Remembering Geoff and Annie Davies
“They don't do things like other people at Probe Records.”
Annie and Geoff Davies were two of the mainstays of Liverpool’s alternative music scenes for decades. In an awful coincidence, both have died within the past few weeks.
Although they had not been a couple for many years, each of them leaves a musical as well as a personal legacy. It feels like the end of an era.
Geoff and Annie (and their then partner Dave Keats) opened the first Probe Records shop in Clarence Street in 1971. But Probe will for ever be associated with the legendary premises on the corner of Button Street/Rainford Gardens where numerous photos have been taken of those famous steps, perfect for posing. The new shop opened in 1976 around the same time as a new club, Eric’s, opened around the corner in Mathew Street. Right place, right time. A place in history.
Probe eventually lost the premises following the regeneration of what had become designated the “Cavern Quarter”. The shop is now in the Bluecoat arts centre and, thanks to Annie’s management, still going strong. Annie kept the shop when she and Geoff split up; Geoff continued to run Probe Plus, the spin-off record label famous for Half Man Half Biscuit.
Geoff officially retired from the label in 2021. The shop continues, an independent with over 50 years of history: an impressive achievement.
Probe was where I met my ex-husband Norman Killon, who was working in the shop by day and DJ-ing at Eric’s by night, a symbol of the symbiosis between them. I got to know Annie and Geoff because of this but it was a long time ago and I didn’t know them well, so it doesn’t feel right to try and write a personal tribute. Others are doing that better over on social media (and in this excellent piece by Paddy Shennan).
So this interview with Geoff from 1986 will have to do. Sadly, I don’t have any cuttings about Annie: she kept a lower profile but she earnt her right to be remembered too.

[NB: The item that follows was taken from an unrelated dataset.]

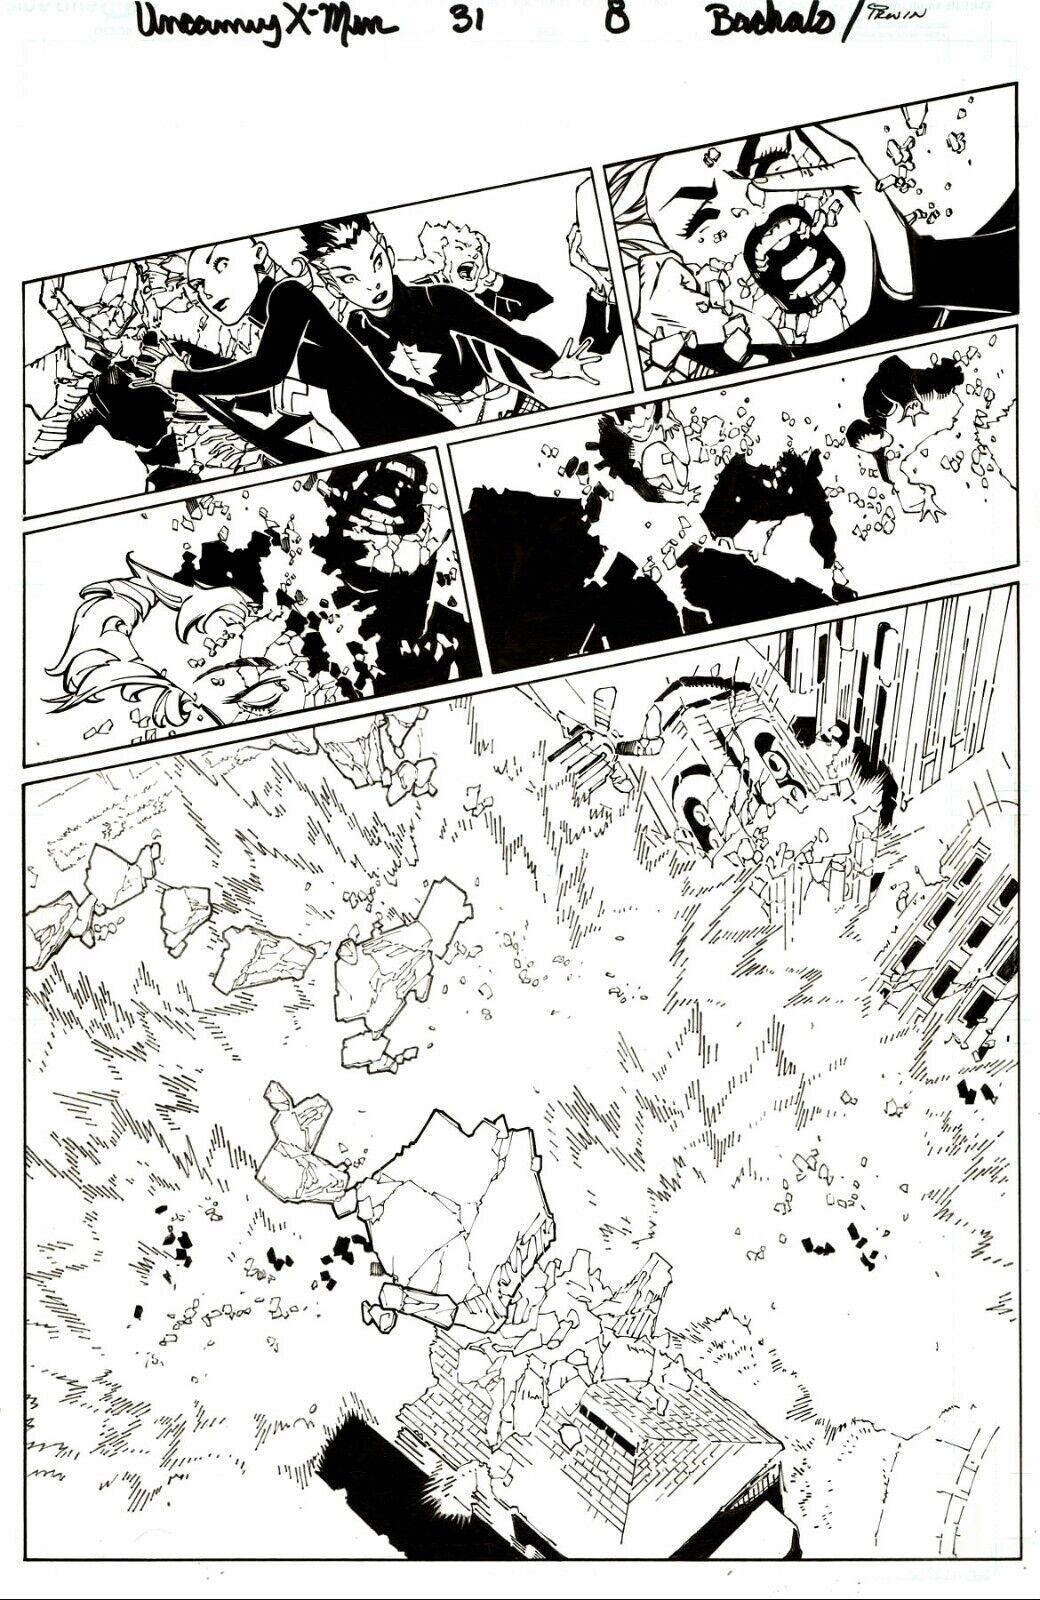 Uncanny X-Men #31 Page 8 Original Art Splash Storm & New X-Men By Chris Bachalo

Melody Maker, April 26, 1986
Half record company, half record shop, half mental, half miraculous, PROBE PLUS, home of Half Man Half Biscuit are 86's strangest success story. Penny Kiley investigates the method behind the madness.
GEOFF Davies reckons Half Man Half Biscuit wouldn't be where they are today if they'd signed to a major label. "They'd never have put out a record like 'Back In The DHSS' – they would have had to compromise too much, they would have ended up as a one-hit-wonder comedy act."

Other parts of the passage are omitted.